◆ Data for analysis ◆

☆ ☆ ☆ ☆

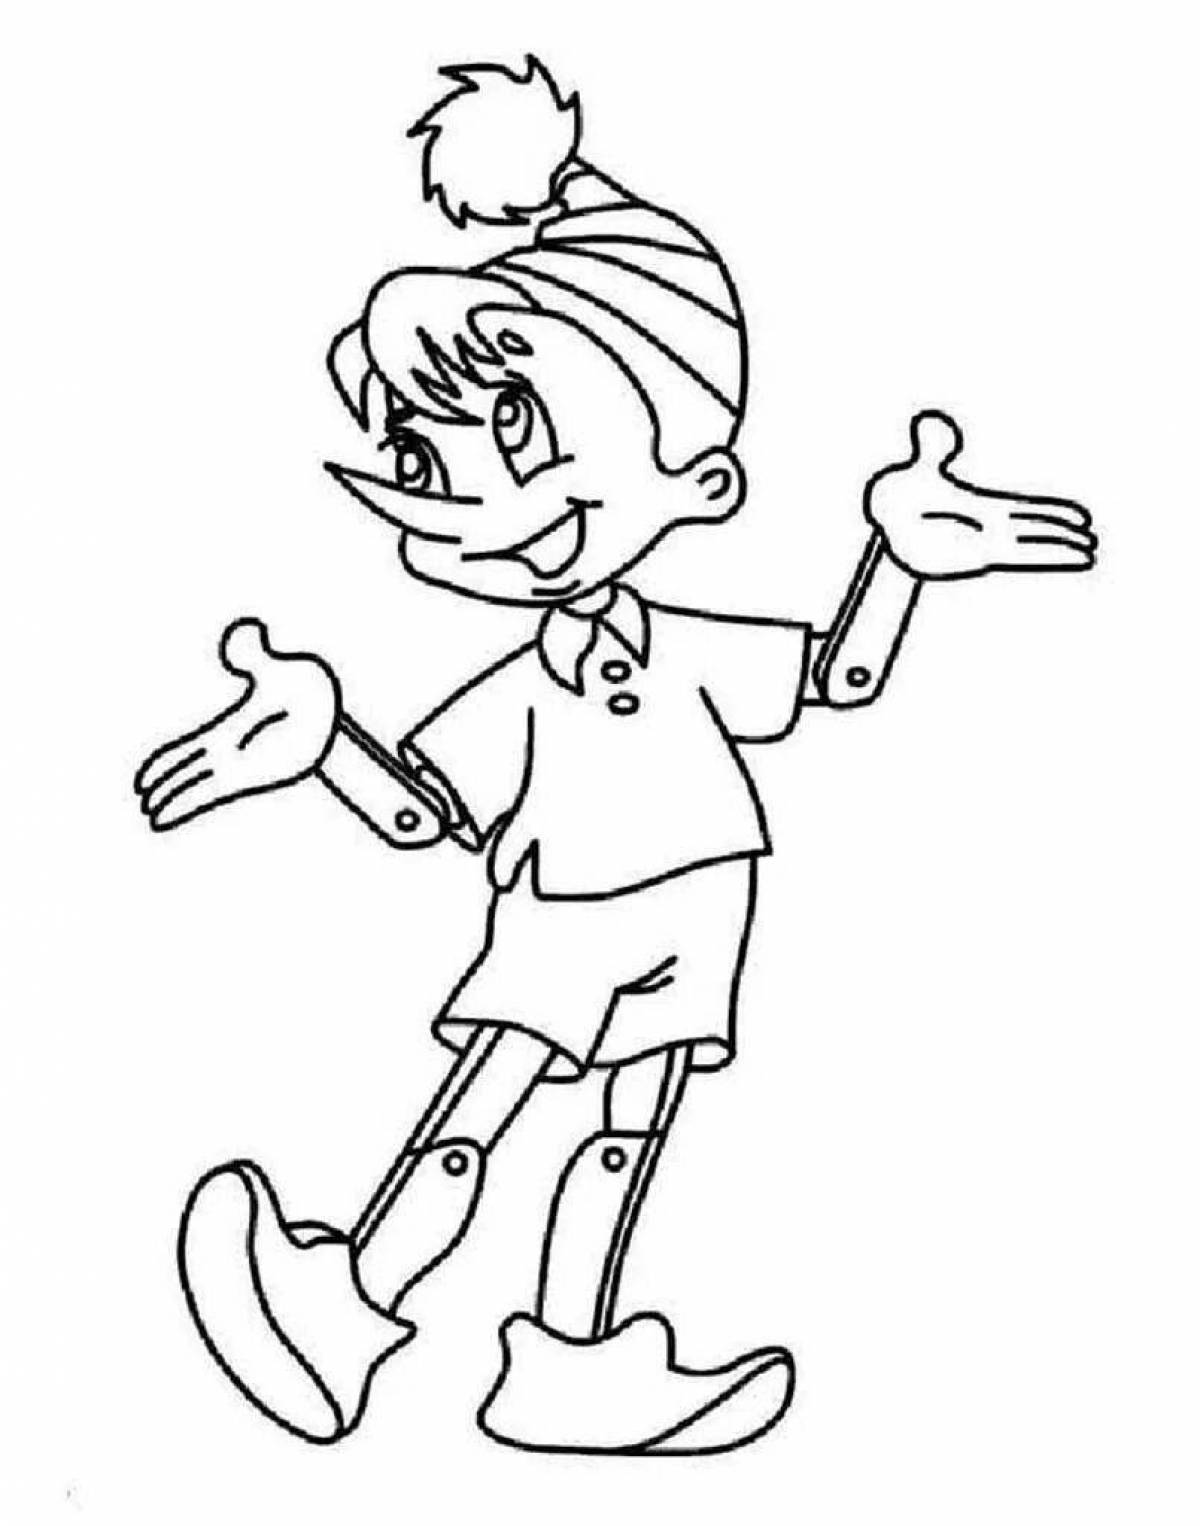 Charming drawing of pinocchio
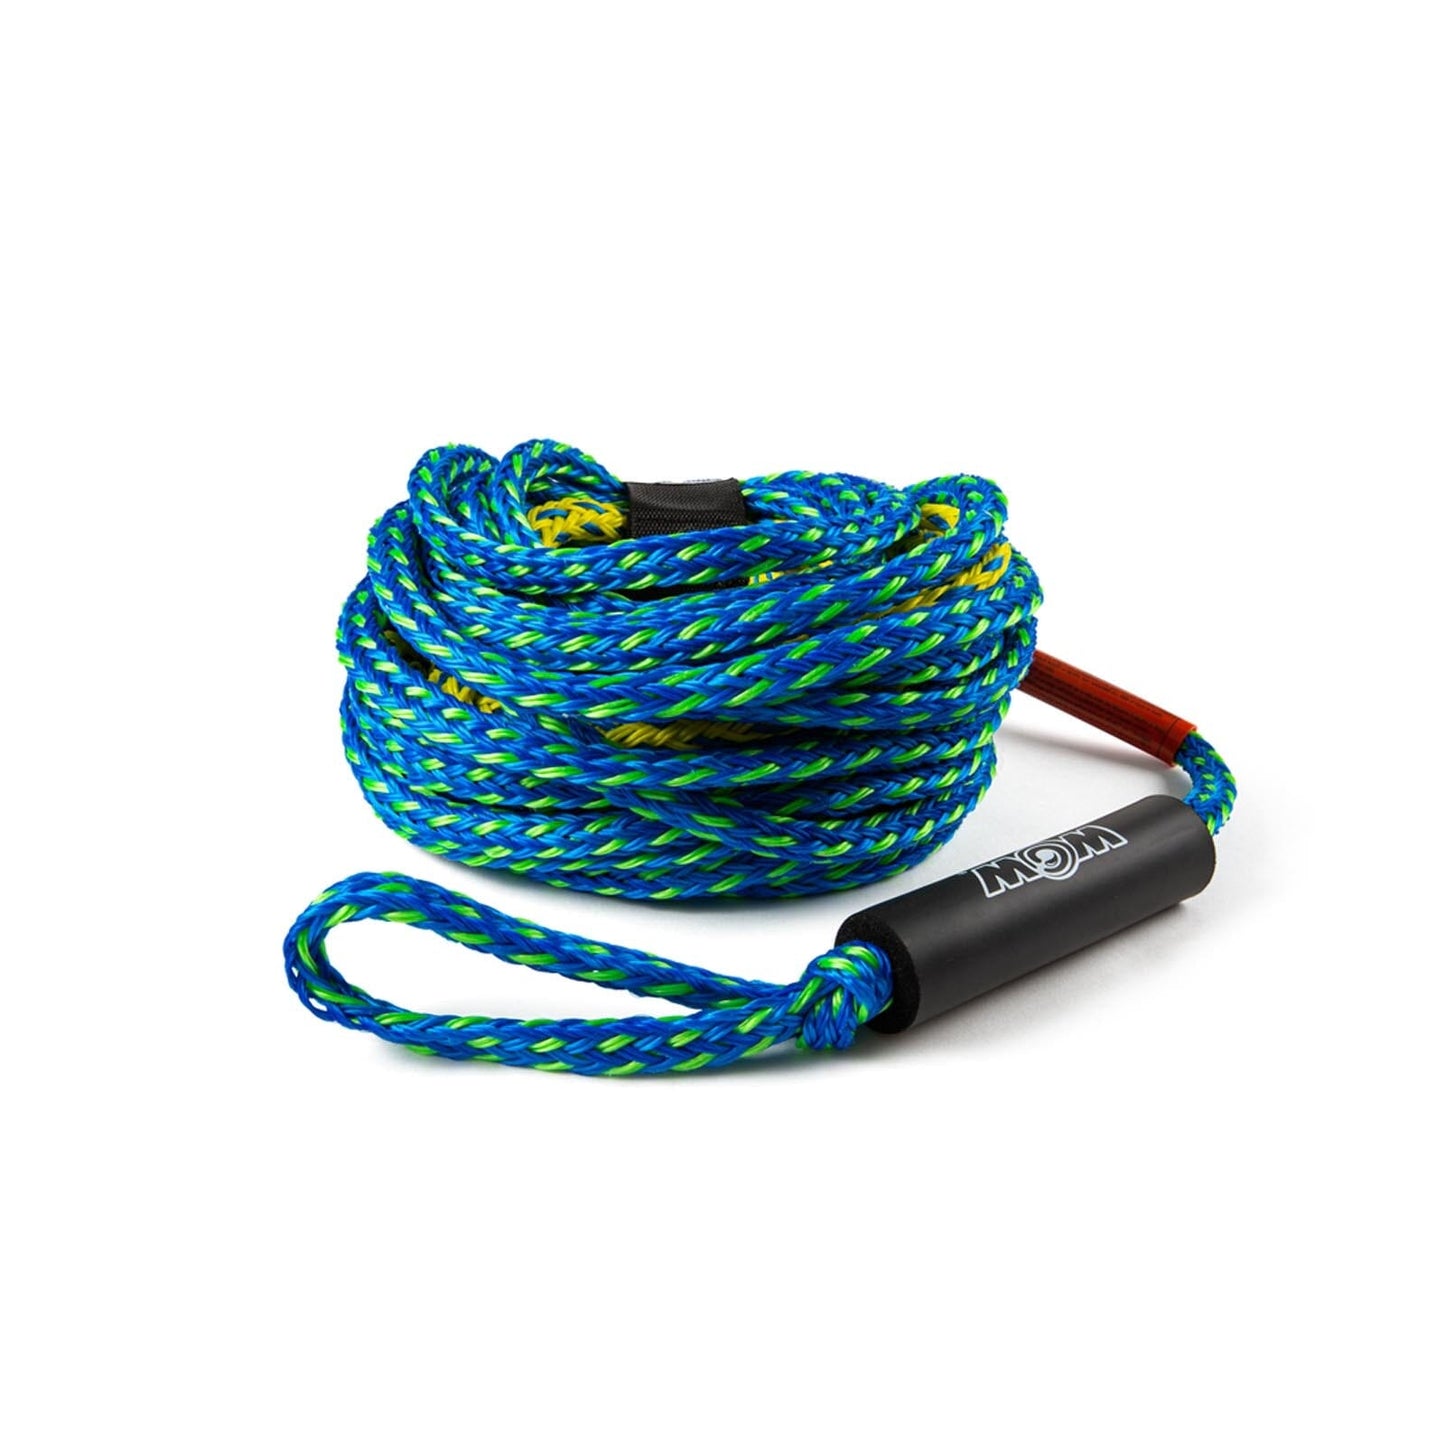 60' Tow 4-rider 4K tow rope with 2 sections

☆ ☆ ☆ ☆

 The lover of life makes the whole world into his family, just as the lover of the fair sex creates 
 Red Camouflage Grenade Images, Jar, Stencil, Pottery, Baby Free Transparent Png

☆ ☆ ☆ ☆

◆ Problem description ◆
Pictures excluded, reproduce only the part above that opens with the line holding "Charming drawing of pinocchio" and closes with the line holding "60' Tow 4-rider 4K tow rope with 2 sections", exactly as written.

◆ Answer box ◆
 Charming drawing of pinocchio
 60' Tow 4-rider 4K tow rope with 2 sections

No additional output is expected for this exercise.